The loss of lean tissue as measured by BCM was shown to be associated with mortality, with a 1 kg loss in lean tissue being associated with a 7% reduction in mortality. These results must be viewed with caution as the retrospective nature of the study meant the model was not powered. The inclusion of 7 covariates with only 36 events would generally indicate the potential for over-fitting, although computer modelling has suggested that models with greater than 5 events per covariate are not particularly susceptible to problems [29].

These results support efforts towards monitoring and interventions aimed at preserving lean tissue. Exercise training has been shown to improve muscle mass and function in HD patients [30] and there is growing interest in the provision of appropriate exercise programmes, but the difficulties and barriers to uptake need to be further explored. Bioimpedance is potentially well suited for routine regular monitoring of HD patients, but care must be made when selecting which bioimpedance parameters to use. Previous applications of bioimpedance in this field have used phase angle [27] and lean body mass measured by bioimpedance analysis [31], both of which are confounded by altered fluid status. The parameters from the BCM are independent of fluid status and the high within-subject precision of the test [32] makes the BCM ideal for longitudinal tracking of body composition in clinical practice.

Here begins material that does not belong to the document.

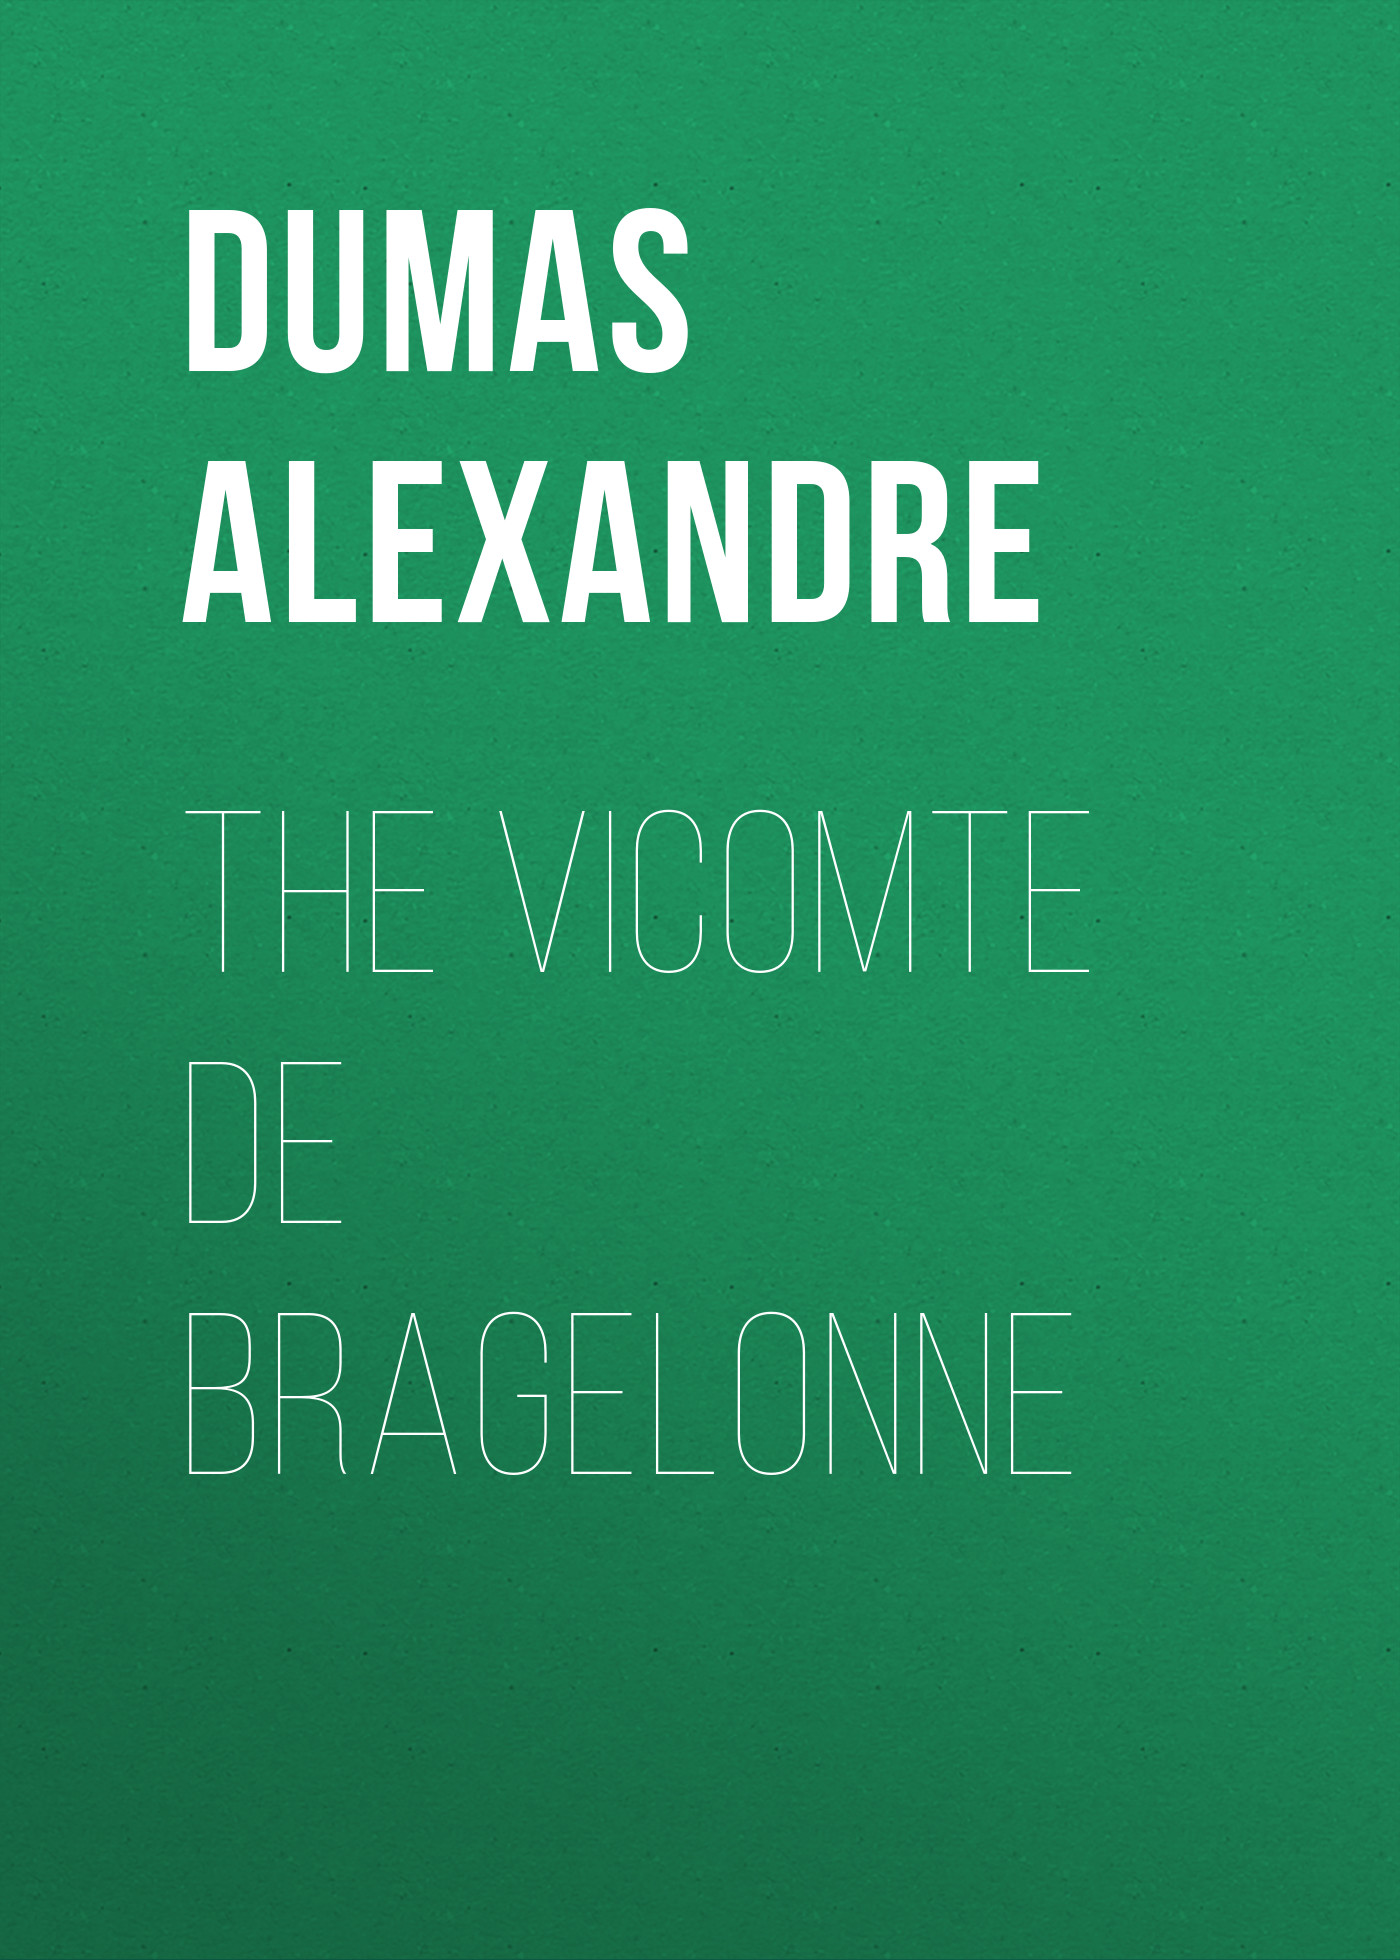 Книга The Vicomte De Bragelonne из серии , созданная Alexandre Dumas, может относится к жанру Литература 19 века, Зарубежная старинная литература, Зарубежная классика. Стоимость электронной книги The Vicomte De Bragelonne с идентификатором 25202375 составляет 0 руб.

There were some limitations to this study. This was a single centre study and the retrospective nature limited the number of patients that could be included, leading to a relatively small sample size and the possibility that some of the outcomes were not adequately powered. It would also have been interesting to have been able to confirm the changes in body composition using other measurements of nutritional status, such as anthropometric measures or malnutrition scoring tools, but these were not available.

5. Conclusions

This study has shown that marked changes in body composition occur in the first two years after HD initiation and these are not confined to elderly, co-morbid patients and those traditionally considered most at risk of wasting. Nutritional monitoring and interventions should be applied across the HD population and this should occur as soon as possible after the initiation of treatment.